CAIRO/BEIRUT: Muslims angered by cartoons mocking the Prophet Mohammad should follow his example of enduring insults without retaliating, Egypt’s highest Islamic legal official said Thursday.
Western embassies tightened security in Sanaa, Yemen, fearing the cartoons published in a French magazine Wednesday could lead to more unrest in the Yemeni capital where crowds attacked the U.S. mission last week over an anti-Islam film made in America.
In the latest of a wave of protests against that video in the Islamic world, several thousand Shiite Muslims demonstrated in the northern Nigerian town of Zaria, burning an effigy of U.S. President Barack Obama and crying “Death to America.”
In the Pakistani capital, Islamabad, clashes between police and demonstrators injured at least 50 people.
The cartoons in France’s Charlie Hebdo satirical weekly have provoked little street anger so far, although about 100 Iranians demonstrated outside the French Embassy in Tehran.
In Tunisia, the birthplace of the Arab Spring revolts, the Islamist-led government decreed a ban on protests planned Friday against the cartoons.
Four people died and almost 30 others were wounded last week when protesters incensed by the movie about Prophet Mohammad stormed the U.S. Embassy.
An Islamist activist called for attacks in France to avenge the insult to Islam by the “slaves of the cross.”
Mu’awiyya al-Qahtani said on a website used by Islamist militants and monitored by SITE intelligence group: “Is there someone who will roll up his sleeves and bring back to us the glory of the hero Mohammed Merah?”
He was referring to an Al-Qaeda-inspired gunman who killed seven people, including three Jewish children, in the southern French city of Toulouse in March.
Condemning the publication of the cartoons in France as an act verging on incitement, Egypt’s Grand Mufti Ali Gomaa said it showed how polarized the West and the Muslim world had become.
Gomaa said Mohammad and his companions had endured “the worst insults from the non-believers of his time. Not only was his message routinely rejected, but he was often chased out of town, cursed and physically assaulted on numerous occasions.
“But his example was always to endure all personal insults and attacks without retaliation of any sort. There is no doubt that, since the Prophet is our greatest example in this life, this should also be the reaction of all Muslims.”
His statement echoed one by Al-Azhar, Egypt’s prestigious seat of Sunni learning, which condemned the caricatures showing the Prophet naked but said any protest should be peaceful.
The Coptic Orthodox Church in Egypt, whose population of 83 million people is 10 percent Christian, also condemned the cartoons as insults to Islam.
Gomaa said insults to Islam and the response, including the killing of the U.S. ambassador in Libya and attacks on other Western embassies in the region, could not be dissociated from other points of conflict between the West and the Muslim world.
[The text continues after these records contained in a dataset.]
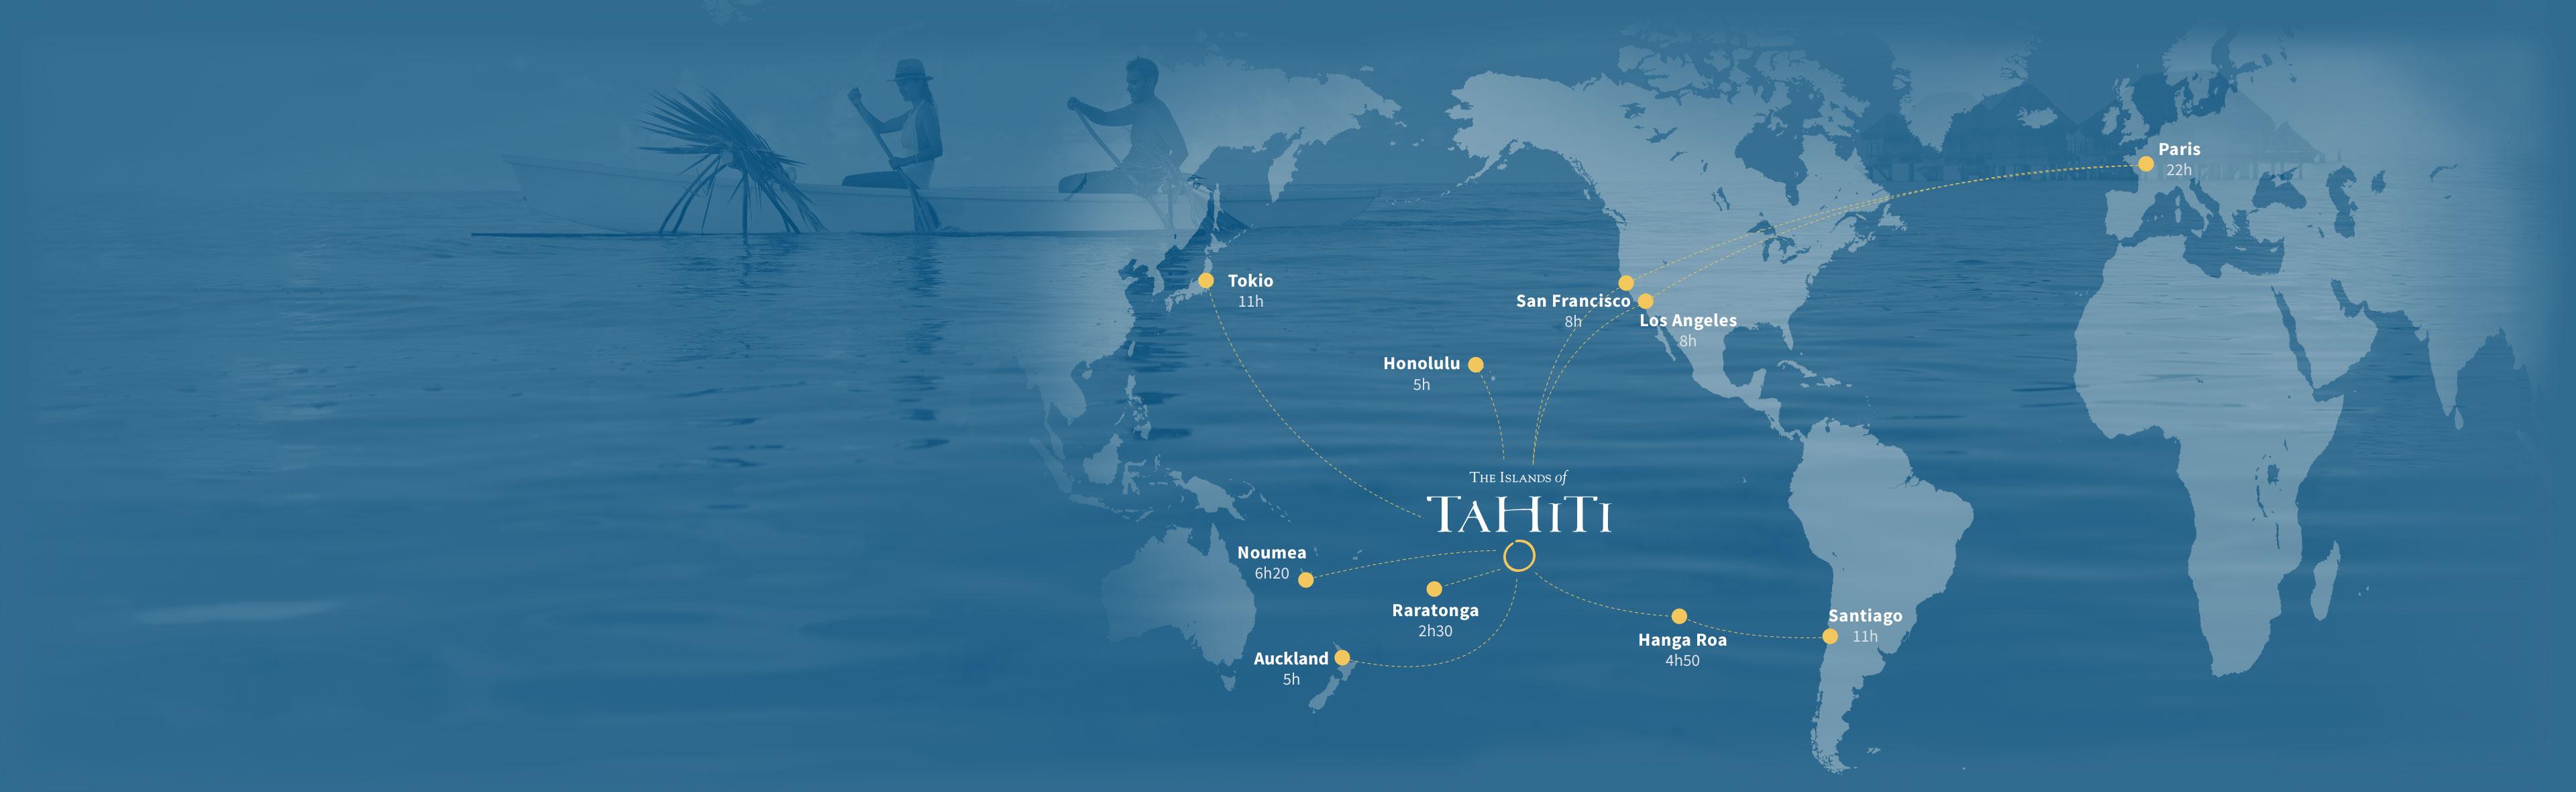 Willkommen auf den Inseln von Tahiti | Tahiti Tourisme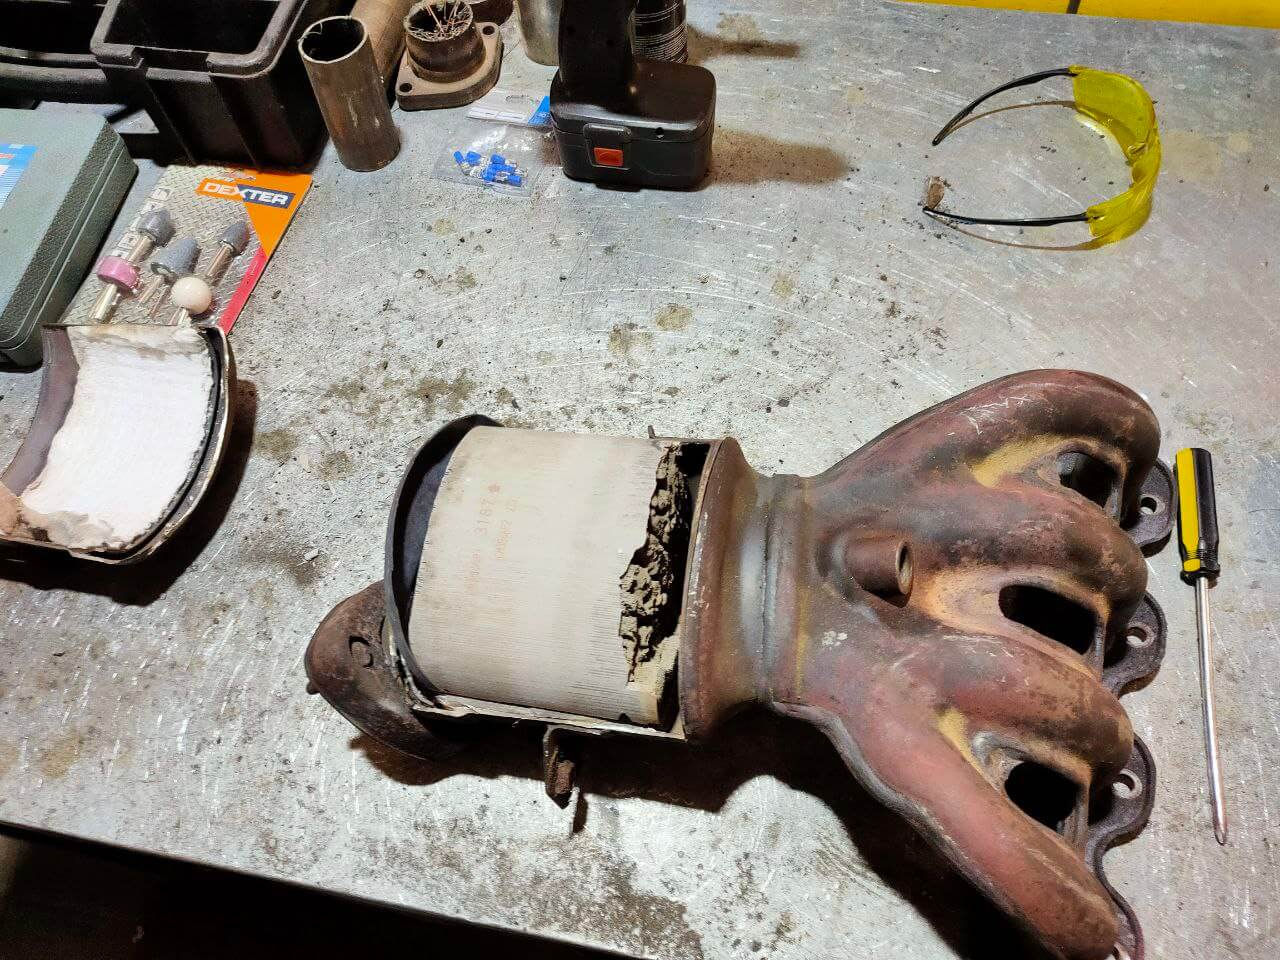 Признаки забитого катализатора выхлопных газов и его дальнейшая продажа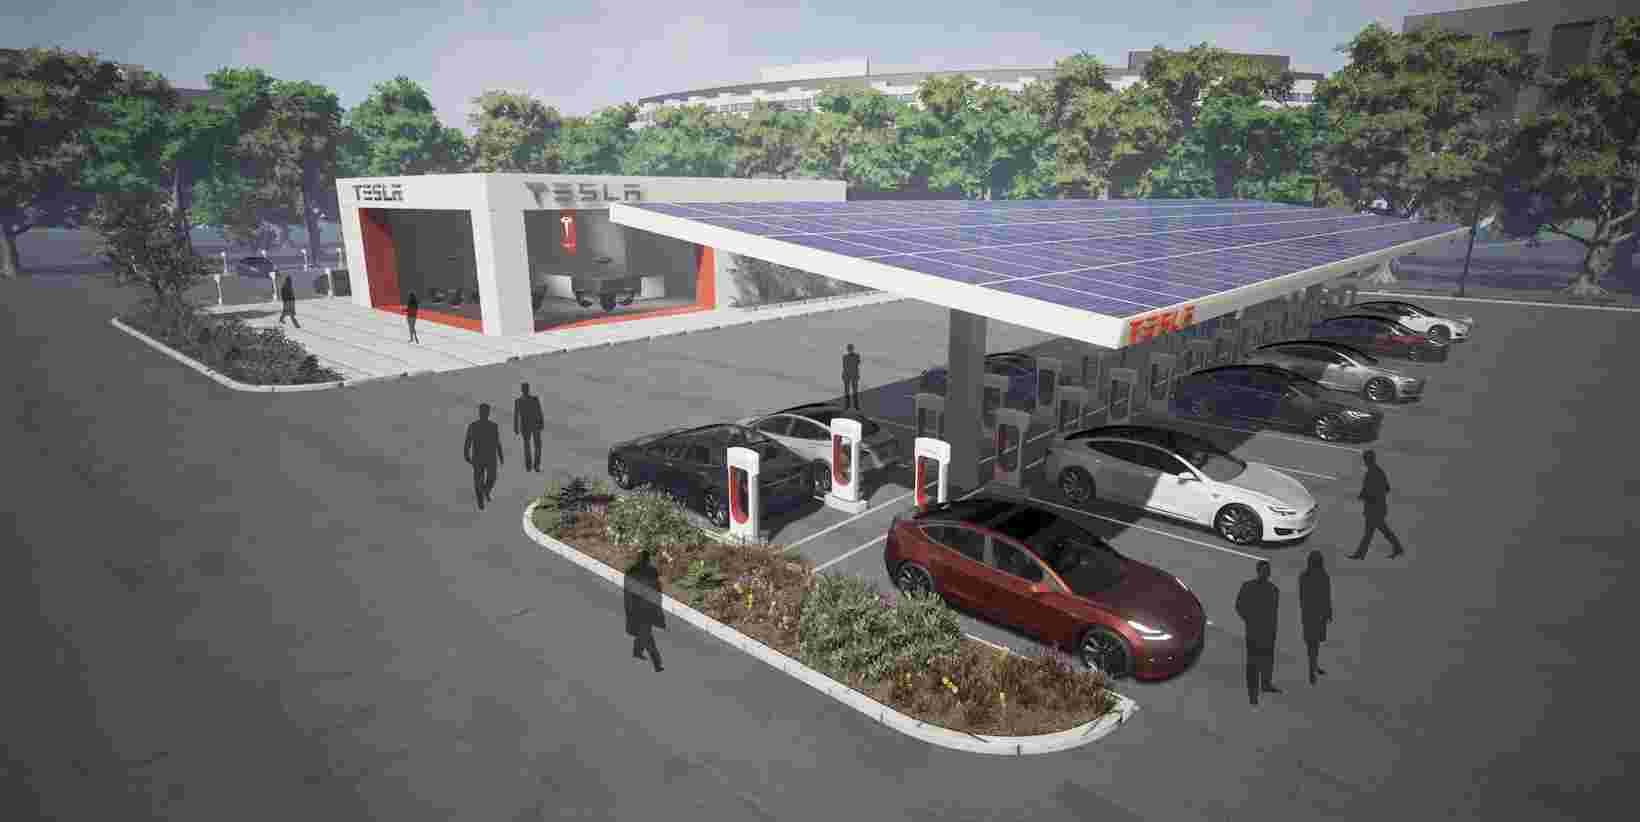 特斯拉德国电池工厂预计将创造1万个就业岗位

He cited the treatment of Muslims at the U.S. detention center in Guantanamo, the U.S.-led war in Iraq, drone attacks in Yemen and Pakistan, and the demonization of Muslims by far-right European parties as “underlying factors” for the tensions.
After Friday’s invasion of the U.S. Embassy in Tunis, the Tunisian Interior Ministry has banned protests against the cartoon planned for Friday “to prevent human and material losses.” It warned that a state of emergency was still in force and that law “will be rigorously applied.”
The European Union issued a joint appeal, through its foreign policy chief, with the Arab League, African Union and Organization of Islamic Cooperation for “peace and tolerance.”
“We condemn any advocacy of religious hatred that constitutes incitement to hostility and violence,” the statement said.
“While fully recognizing freedom of expression, we believe in the importance of respecting all prophets, regardless of which religion they belong to.”
Despite the calls for calm, demonstrations turned violent in Pakistan’s capital Islamabad Thursday when thousands of protesters clashed with police close to Islamabad’s diplomatic enclave, leaving at least 50 people injured.
There have been dozens of demonstrations in Pakistan over the past week and the U.S. State Department has spent $70,000 to air adverts in Urdu across Pakistani television in a bid to disassociate the U.S. government from the inflammatory film, spokeswoman Victoria Nuland said.
There have been questions among lawmakers about whether the United States should continue aid to some countries, including Egypt, following the protests.
In Libya, where militias that helped overthrow Moammar Gadhafi still wield much power, the foreign minister offered an apology for U.S. ambassador Christopher Stevens’ death.
Secretary of State Hillary Clinton said Thursday she was forming a panel to investigate the attack, which the White House said bears the hallmarks of a “terrorist attack,” possibly linked to Al-Qaeda.
“It is self-evident that what happened in Benghazi was a terrorist attack,” White House spokesman Jay Carney told reporters traveling with President Barack Obama. “Our embassy was attacked violently and the result was four deaths of American officials.”
In recent days, Obama administration officials have slightly softened their claim that the attack was not preplanned, saying that while there is no intelligence to suggest it was, not all the facts are known.